8 settembre 2006

FI e lo statuto dimenticato

Statuto di Forza Italia 1998. "Art. 1 - Finalità

Il Movimento Politico Forza Italia è una associazione di cittadini che si riconoscono negli ideali propri delle tradizioni democratiche liberali, cattolico liberali, laiche e riformiste europee. Essi ispirano la loro azione politica ai valori universali di libertà, giustizia e solidarietà concretamente operando a difesa del primato della persona in ogni sua espressione, per lo sviluppo di una moderna economia di mercato e per una corretta applicazione del principio di sussidiarietà."

Seguono le regole stabilite per dare al soggetto politico FI la forma organizzata del partito di cui oggi si parla come se non esistesse.

Basterebbe attenersi all'articolo 1 e gran parte del dibattito in atto a Gubbio sul futuro di FI potrebbe concentrarsi meglio sull'ordine del giorno che si sono dati gli organizzatori. Quell'articolo, con grande sollievo di quanti si sentono liberali, non promette il grande partito liberale di massa! In realtà i termini liberale e massa poco si sposano tra di loro e non trovare questo ossimoro presente nella costituzione degli Azzurri rende più credibile e attuabile il progetto riformatore nato nel 1994. In questi giorni ho letto molte proposte e consigli diretti a Forza Italia e al suo presidente, mi sarebbe piaciuto linkarne alcuni ma sono davvero troppi e mi è stato difficile scegliere tra tutti quanti.

Nel complesso posso dire che non sono tra quelli che rilancerebbero il partito liberale di massa, appunto, considerato che l'Italia non è l'Inghilterra e neppure gli Usa, dove la cultura protestante e l'assenza nella storia di partiti social-comunisti (quelli sì di massa) hanno determinato la nascita di una maggioranza liberale formata da individui educati alla responsabilità personale, alla competizione e alla meritocrazia. C'è chi invece ha affermato che la parola liberale dovrebbe essere espunta dal vocabolario del centrodestra (quindi da FI, immagino), come se ormai fosse stata logorata da chissà quale uso improprio.

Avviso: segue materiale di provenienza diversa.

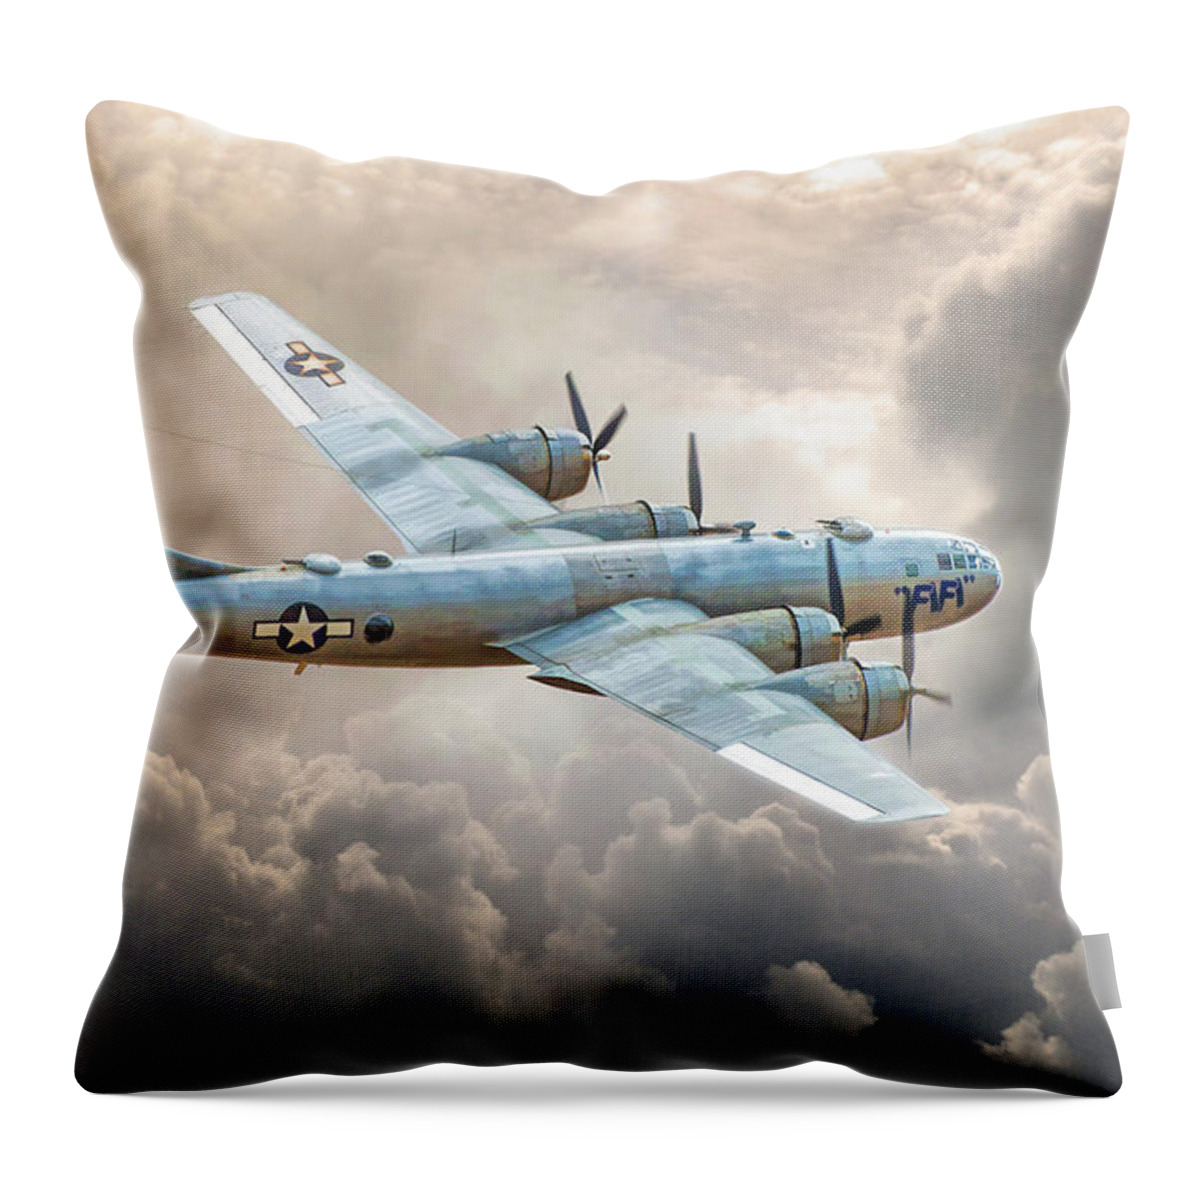 Airplane Throw Pillow featuring the painting B-29 Superfortress by Christopher Arndt

Ma per fortuna rileggendo l'art.1 del su citato statuto, la parola è ben inserita e rappresenta la base sulla quale poggia l'articolato fondativo. E se si è liberali, come da dettato, lo si dovrebbe essere sia in economia che nei valori umani e civili, per cui poco convincenti sono coloro che si definiscono liberisti in economia e conservatori nei valori, peraltro sempre pochissimo condivisi in una società complessa, disomogenea e conflittuale come quella italiana.

Fortunatamente, come testimoniano gli ultimi risultati elettorali, non rischiamo di parafrasare Croce per dire: "Perchè non possiamo non dirci comunisti", nonostante cinquant'anni di egemonia culturale catto-comunista! Eppure i prodotti dell'egemonia di sinistra che occupano gli spazi nel tessuto sociale, non solo nelle istituzioni, sono illimitati. Solo tenendo la rotta liberale e liberista di cui alla lettera dello statuto del 1998, si potranno capovolgere le sorti di un Paese fossilizzato nel parassitismo burocratico e nell'assistenzialismo statalista.

In conclusione si potrebbe esortare FI a riconoscersi più nei Salmoni e meno nei baccalà, solo così. potremmo sperare in un'Italia davvero libera e democratica. Un Paese dove le idee liberali potrebbero davvero divenire patrimonio della maggioranza.